Both L1 and L2 distances can be used in K-NN to determine the nearest neighbors based on their distance from a new data point. The choice of which distance metric to use depends on the nature of the data and the specific problem at hand.
### Linear Classifier
A linear classifier is a type of machine learning model that separates data points into different classes using a linear decision boundary. It assumes that the classes can be separated by a hyperplane in the feature space. Despite its simplicity, linear classifiers can be effective in certain scenarios.
For example, let's consider an image classification task with three classes: cat, dog, and bird. Suppose the images have a resolution of 2x2 pixels, resulting in a matrix size of 2x2. Each pixel represents the grayscale intensity ranging from 0 to 255.
To create a linear classifier, we can flatten the image matrix into a feature vector of length 4 (2x2 = 4). Each image can be represented by a feature vector containing the pixel intensities.

Next, we assign a weight to each pixel in the feature vector. For instance, we can have weight vector W = [0.2, 0.5, 0.1, 2] for the cat and different ones for the other clases. The classifier calculates a score for each class by taking the dot product between the weight vector and the feature vector.
For a given image, the class with the highest score becomes the predicted label. For example, if the dot product results in scores [-96.8, 437.9, 61.95] for cat, dog, and ship classes respectively, the classifier predicts the image to be a dog.

The weights in the weight vector are learned through training using labeled data. Optimization algorithms, such as gradient descent, adjust the weights to minimize a loss function that quantifies the difference between predicted and actual labels.
Howeve, it is important to notice that if you rearrange the vector of weights for a particular class in a linear classifier, it can potentially result in a weight vector that corresponds to an image similar to the class you are trying to classify. This occurs because in a linear classifier, the prediction for a specific class is determined by taking the dot product (or inner product) between the weight vector of that class and the feature vector of the input. Maximizing the dot product between two vectors means aligning them in the same direction, making them parallel, therefore simillar to the class you are trying to predict

It's important to note that this parallelism or alignment is not an absolute guarantee for accurate classification. Linear classifiers have limitations in capturing complex relationships and may struggle with datasets where the decision boundaries are not linear. More advanced models, such as nonlinear classifiers or deep neural networks, are often employed to handle such scenarios.
### Noise reduction
Noise reduction with moving average in 2D involves smoothing an image by replacing each pixel with the average value of its neighboring pixels. In this technique, a sliding window moves across the image, and for each pixel, the average intensity of the pixels within the window is computed. This process reduces high-frequency noise by effectively blurring the image. The size of the window determines the level of smoothing, with larger windows providing more extensive noise reduction but potentially sacrificing image details.



### Correlation Filtering
When a filter is added to the moving average in 2D noise reduction, it enhances the smoothing process by applying a specific pattern or behavior to the averaging operation. Filters can emphasize or suppress certain features in the image based on their characteristics.

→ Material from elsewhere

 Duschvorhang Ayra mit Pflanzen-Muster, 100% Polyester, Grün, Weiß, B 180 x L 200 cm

For example, a low-pass filter can be combined with the moving average to further reduce high-frequency noise while preserving low-frequency information, resulting in a smoother image. This filter attenuates or removes high-frequency components, such as noise or fine details, from the image.
On the other hand, a high-pass filter can be used to accentuate edges or fine details by subtracting a smoothed version of the image from the original image. This enhances the high-frequency components and can be useful for edge detection or feature extraction tasks.
By incorporating filters into the moving average process, the noise reduction technique can be tailored to address specific image characteristics or requirements, enabling better control over the trade-off between noise reduction and preservation of important image features. [Here are some examples](https://setosa.io/ev/image-kernels/)
### Correlation vs Convolution
Convolution and correlation are similar operations used in image processing and signal analysis. Both involve sliding a kernel over an input signal or image. **Convolution combines the kernel with the input signal by flipping it horizontally and vertically**. Correlation, on the other hand, does not flip the kernel. As a result, convolution captures spatial relationships and is widely used in tasks like filtering and feature extraction. Correlation, being less concerned with spatial relationships, is often used for template matching and pattern recognition.

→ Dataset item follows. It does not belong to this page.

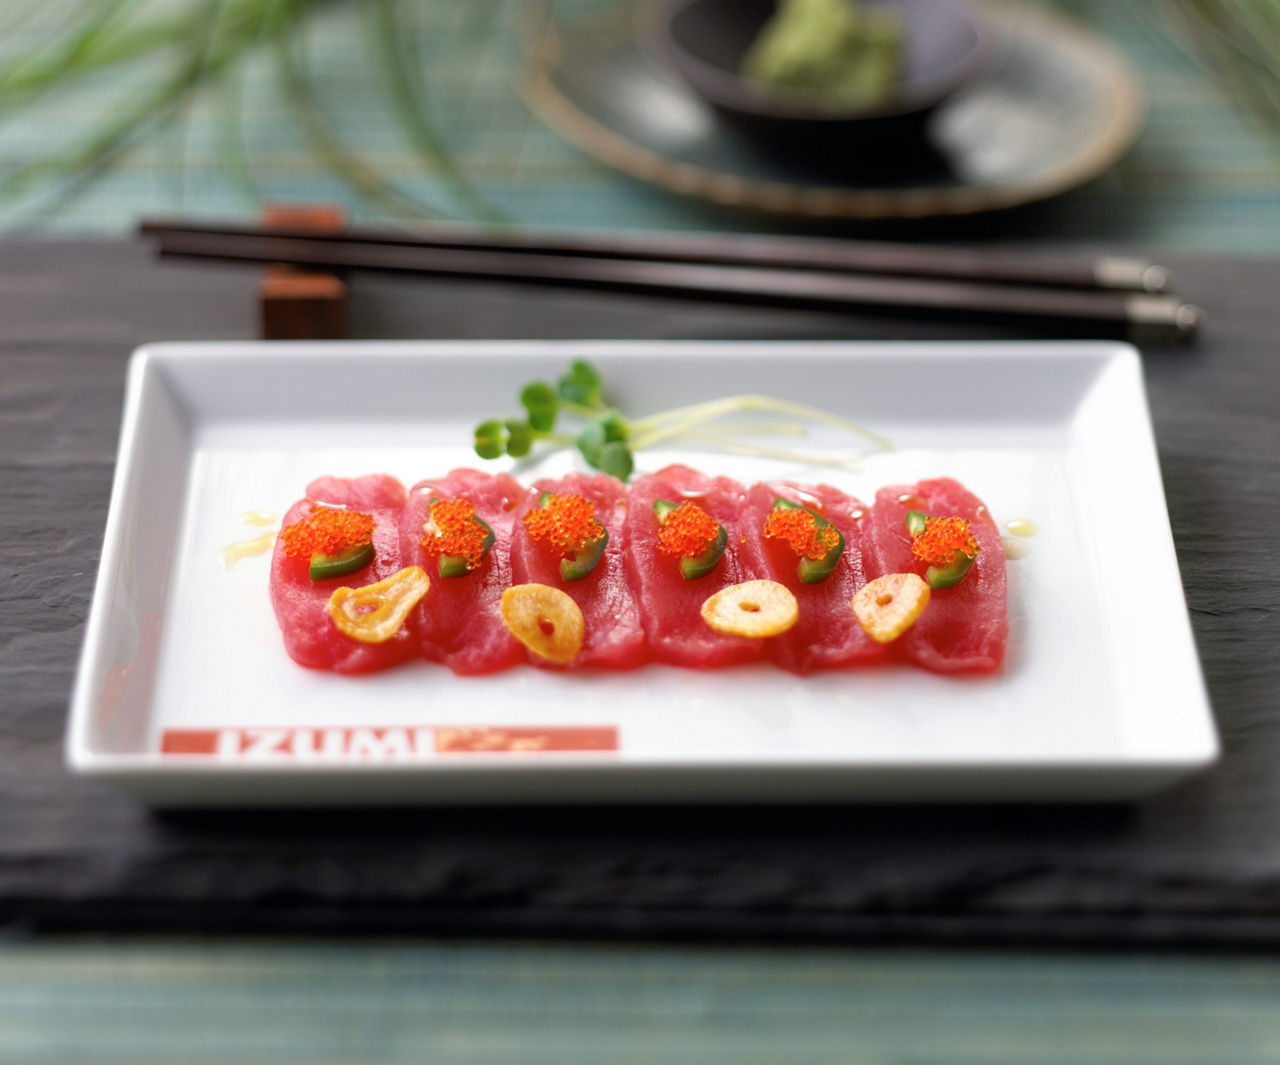 izumi sushi platter food overview tile1

### Kernel and types of Kernels
In the context of image processing and machine learning, a kernel refers to a small matrix or a predefined mathematical function that is applied to an image or a dataset. Kernels are commonly used in operations such as convolution, filtering, and feature extraction.
A kernel acts as a window or template that slides over the input data, and its values determine the contribution or effect on the neighboring data points. By convolving the kernel with the input data, specific patterns or characteristics can be enhanced, extracted, or transformed.
There are several commonly used kernels in image processing and machine learning, including:
- Gaussian Kernel: A Gaussian kernel is used for blurring or smoothing an image. It assigns higher weights to pixels closer to the center of the kernel, resulting in a gradual transition from the center to the edges.

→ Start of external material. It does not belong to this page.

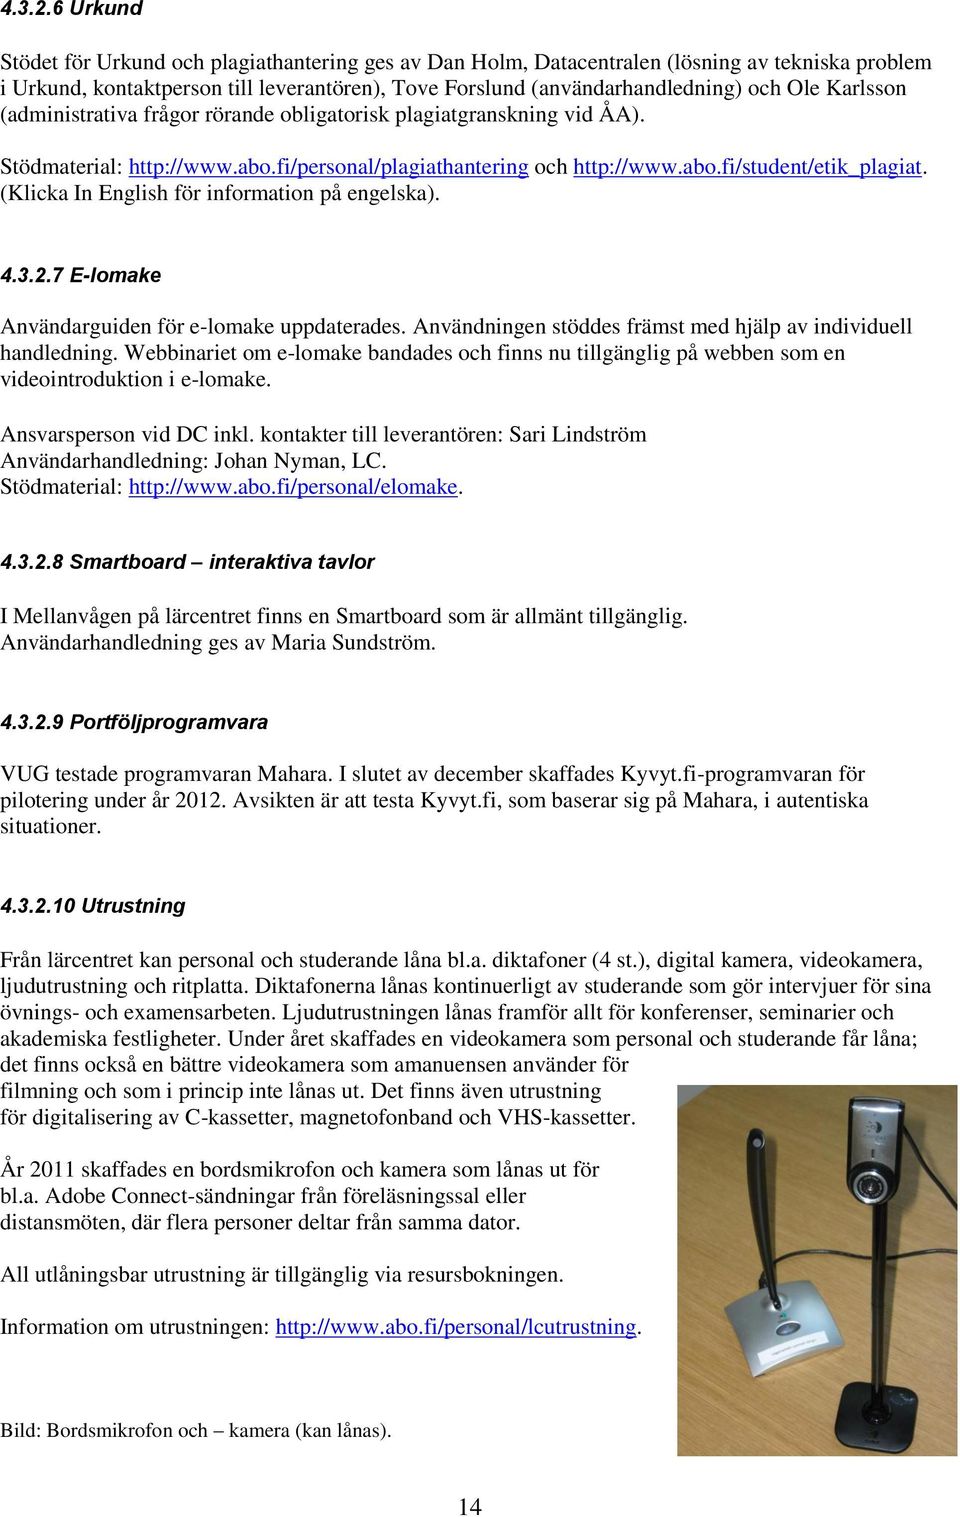 Karlsson (administrativa frågor rörande obligatorisk plagiatgranskning vid ÅA). Stödmaterial: http://www.abo.fi/personal/plagiathantering och http://www.abo.fi/student/etik_plagiat.

- Box (or Mean) Kernel: A box kernel applies equal weights to all the pixels within the kernel window, resulting in simple averaging or blurring of the image.

- Identity Kernel: The identity kernel preserves the original image without any changes. It is commonly used as a placeholder or when no modification is desired.

- Mixed Kernel: mixed kernels are used to accentuate differences by emphasizing sudden changes in intensity, highlighting edges.

These are just a few examples of commonly used kernels. Depending on the specific task or application, different kernels can be designed or chosen to extract specific features, enhance certain characteristics, or perform various image processing operations.
### Processing an image with a MLP
In order to do this task first we will need to flatten the image into a 1D array with as many values as pixels in the image.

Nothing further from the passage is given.